We wanted to as more expert witnesses create the risk the jury will resolve differences in expert testimony by the number of experts called, giving the defendant an advantage. And it's more expensive.
To avoid this, we filed a motion to strike the experts as prejudicially cumulative, even if they are otherwise qualified.
We designated one expert to testify regarding the psychiatric standard of care and causation. The defendant designated three: Dr. Adam Sky, Dr. Douglas Jacobs, and Dr. Leo Sher – all psychiatrists.
Prior to even taking the experts’ depositions, we filed a motion to strike, and the court entered an order striking one of the three experts as cumulative. We then deposed the defendants' two remaining experts, Dr. Sky and Dr. Jacobs.
When asked in his deposition, Dr. Sky testified that he did not disagree with any of Dr. Jacob’s opinions or have any additional different opinions. We attached that portion of the transcript to our second motion to strike, and argued that the experts’ opinions were nearly identical and thus cumulative: both thought the defendant did not breach the standard of care.
In response, the defendant claimed that the experts were not cumulative because Dr. Jacobs specialized in suicide, whereas Dr. Sky specialized in the clinical care of elderly psychiatric patients.
We argued there was no material difference in their testimony, and that the defendant cannot attempt to persuade the jury by the sheer number of experts when their testimony is the same.

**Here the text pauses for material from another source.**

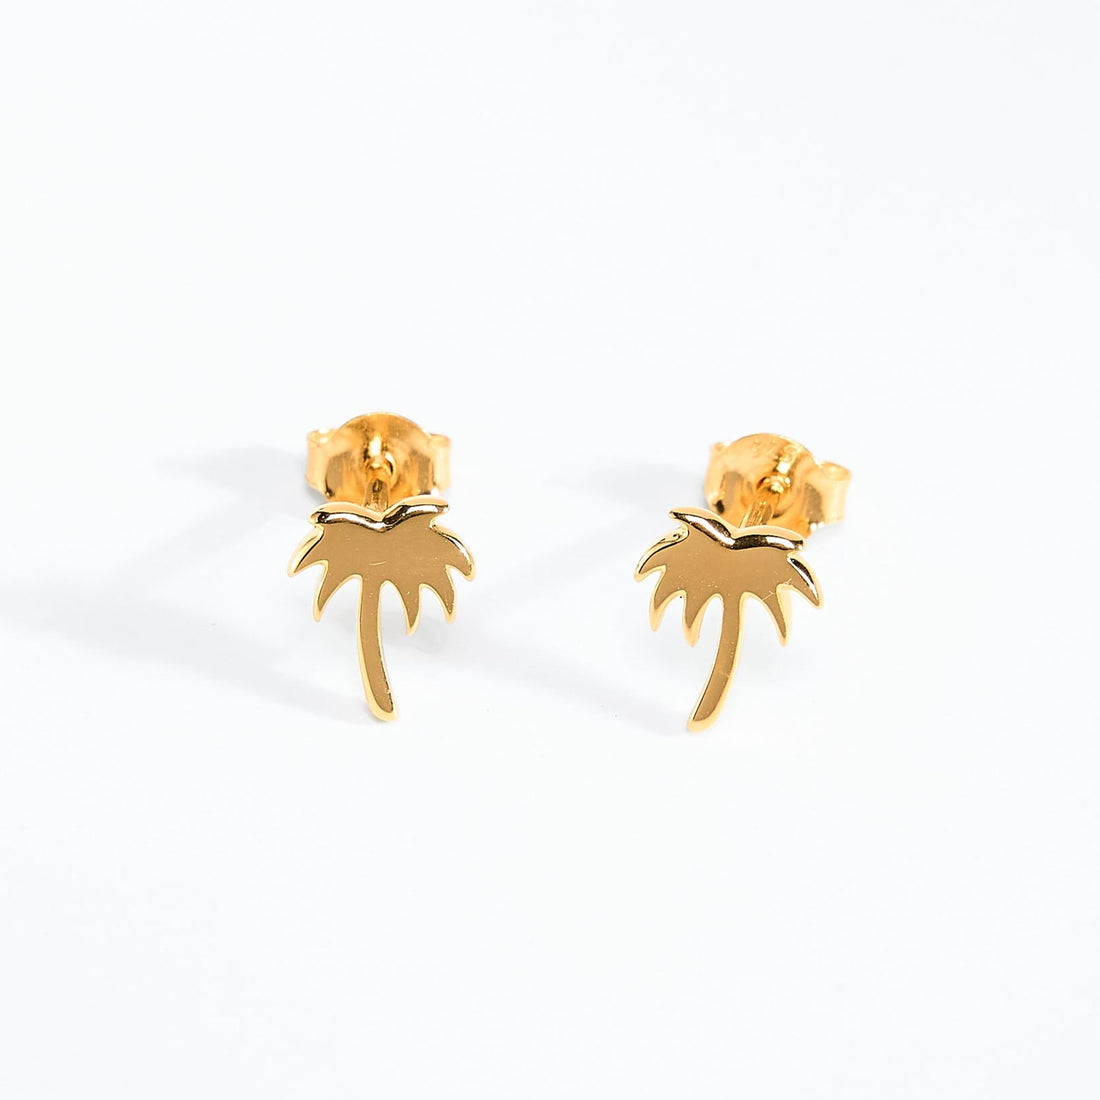 palm studs earrings gold vermeil plated 18k whatnotz.com

The Court agreed, and struck Dr. Sky as cumulative.
The defendant relied on the latest Supreme Court case on this issue, Shallow v. Follwell, 544 S.W.3d 878 (Mo. Banc 2018). There, the plaintiffs brought a wrongful death medical malpractice action alleging the physician negligently perforated the decedent’s bowel during hernia surgery, causing septic shock, and did not treat the bowel perforation after the decedent was readmitted.
In response to the plaintiff’s one expert, the defendant called four – a board-certified doctor in general surgery and critical care medicine, a cardiologist, vascular surgeon, and colorectal surgeon. The plaintiffs argued that allowing four experts to testify was needlessly cumulative.
The Court rejected this argument: “While the expert testimony overlapped at times, the experts testified about their own specialties and offered their own parts…when the expert testimony did overlap, the overlapping testimony went to the issue of the standard of care and causation – “the very root” of a wrongful death action arising from medical negligence.” Id. at 884.
Nevertheless, the Court acknowledged that the number of experts who may testify is not limitless; rather, the probative value of testimony must be weighed against the risks it poses of unfair prejudice. Id. at 885.
We distinguished our case from Shallow by emphasizing both of the defendant’s remaining experts were psychiatrists with materially similar opinions. In contrast, the four experts in Shallow practiced in different specialties, and although their opinions overlapped, they had unique testimony to contribute. The Court agreed.
Some takeaways from our experience include:
Note that in Missouri, a qualified expert may testify if “scientific, technical or other specialized knowledge will assist the trier of fact to understand the evidence or to determine a fact in issue…” RSMo. § 490.065 (2018).
The circuit court enjoys considerable discretion in the admission or exclusion of evidence, including expert testimony. Shallow, 544 S.W.3d at 885. As with other evidence, the probative value of admitting expert testimony must be weighed against the risks it poses of unfair prejudice, cumulativeness, confusion of the issues, misleading the jury, undue delay, or waste of time. Id. at 883.